Bahjat was a master calligrapher, with a unique style similar to Mahmud Shukri al-Alusi. He was also interested in history and biography. His historical writings include the Kitab Aalam Iraq, which contains the biographies of prominent figures of Iraq. He was also a poet, and he has two huge collections of poetry.

Muhammad Bahjat Athari died in 1996 in Baghdad, at the age of 92 years.
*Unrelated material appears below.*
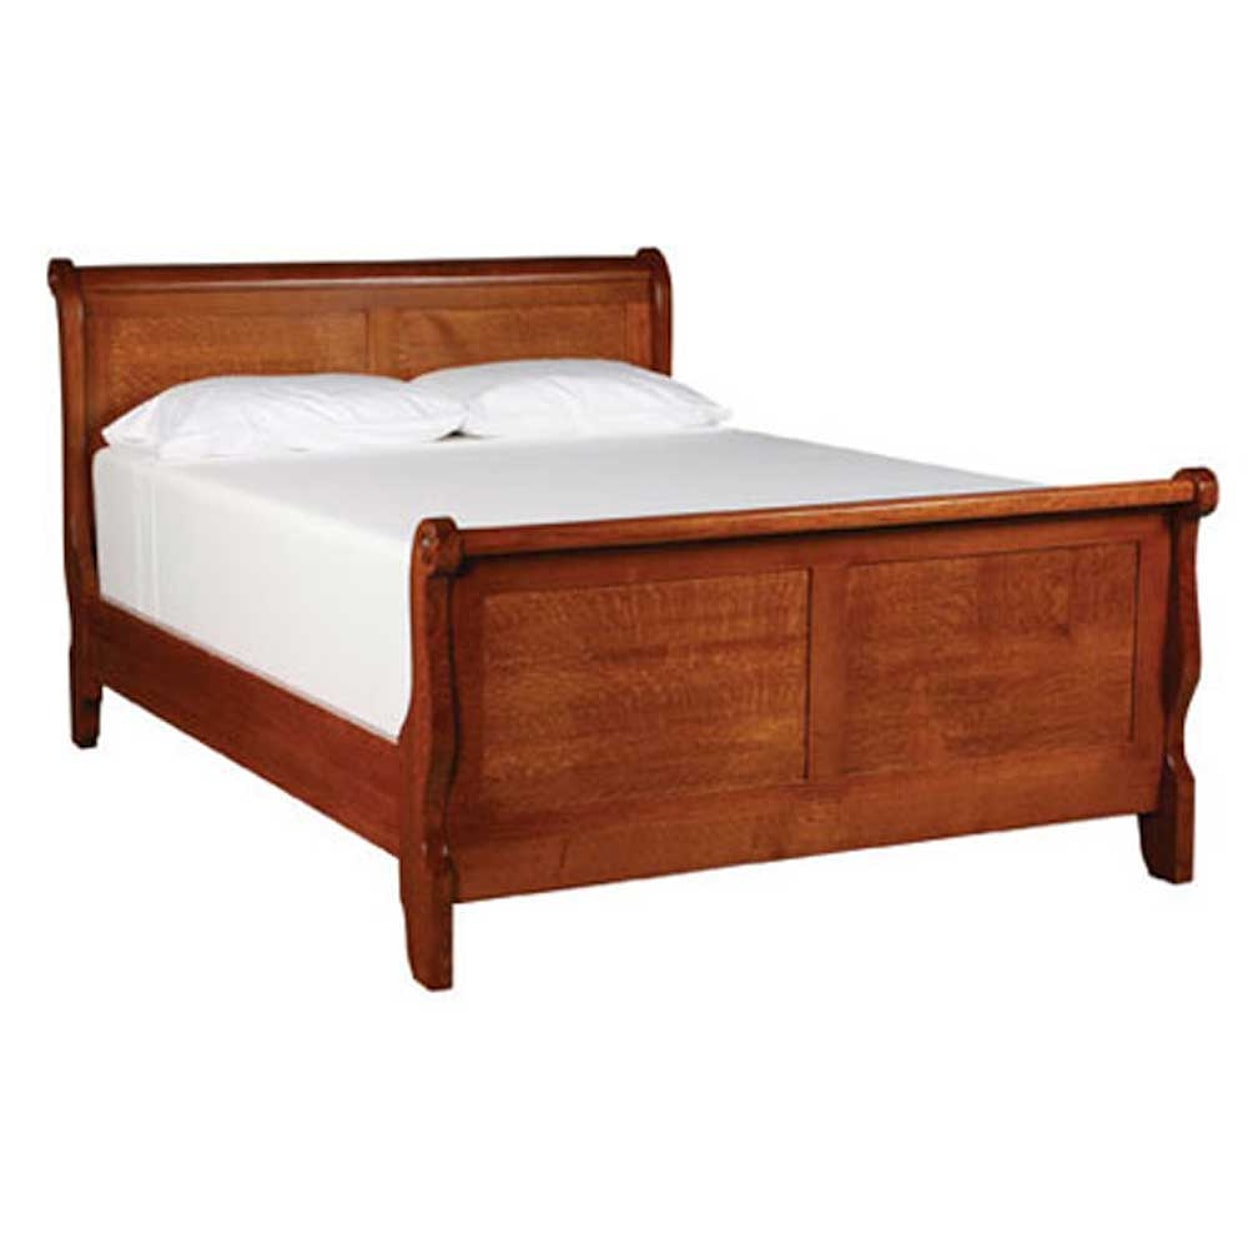 Simply Amish Empire Queen Sleigh Bed

== Origin of his nickname “Athari” ==
There is a story about how Muhammad Bahjat received his nickname "Athari". It is said that Bahjat was learning the book Maraqi al-Falah bi Imdaad al-Fattah Sharh Nur al-Idah from his teacher 'Ala al-Din al-Alusi, but he did not like the book and asked his teacher not to study it. So his 'Ala al-Din al-Alusi said to him, "What do you want to read?" Bahjat said, "I want to get to know the true Islamic jurisprudence." So, 'Ala al-Din told him, "Then, you are of the Athari." Bahjat asked him about the meaning of "Athari," so his teacher said to him, "The Athari is a person who follows the way of the prophet, may blessings and peace be upon him, in word and deed."

==Works==
Among his twenty-five works include:

- Kitab Aalam Iraq
- al-Khutut al-Aridat fi Tarikh al-Adab al-Arabi
- al-Muwaffaq fi Tarikh al-Arabi
- Muhadhib Tarikh al-Masajid Baghdad wa Thariha
- Masaat al-Sha'ir Waddah al-Yaman
- al-Iatijahat al-hadithat fi al-Islam (Recent TTends in Islam)
- Hayaat Mahmud Shukri al-Alusi wara'ah al-Lughawia (The Life and Linguistic Views of Mahmud Shukri al-Alusi)
- al-Zawahir al-Kawniat fi al-Qur'an (Cosmic Phenomena in the Qur'an)

Aside from books, Bahjat also wrote for and contributed to the Lughat al-Arab magazine in the mid-1920s.

== Positions ==
- Director of the Baghdad General Waqf Directorate.
- Head of the Iraq Academy of Sciences
- Member of the Arabic Language Academy in Damascus, Jordan, and Cairo

== Awards ==
- King Faisal Prize for Arabic Literature in 1986
- Saddam Hussein International Prize.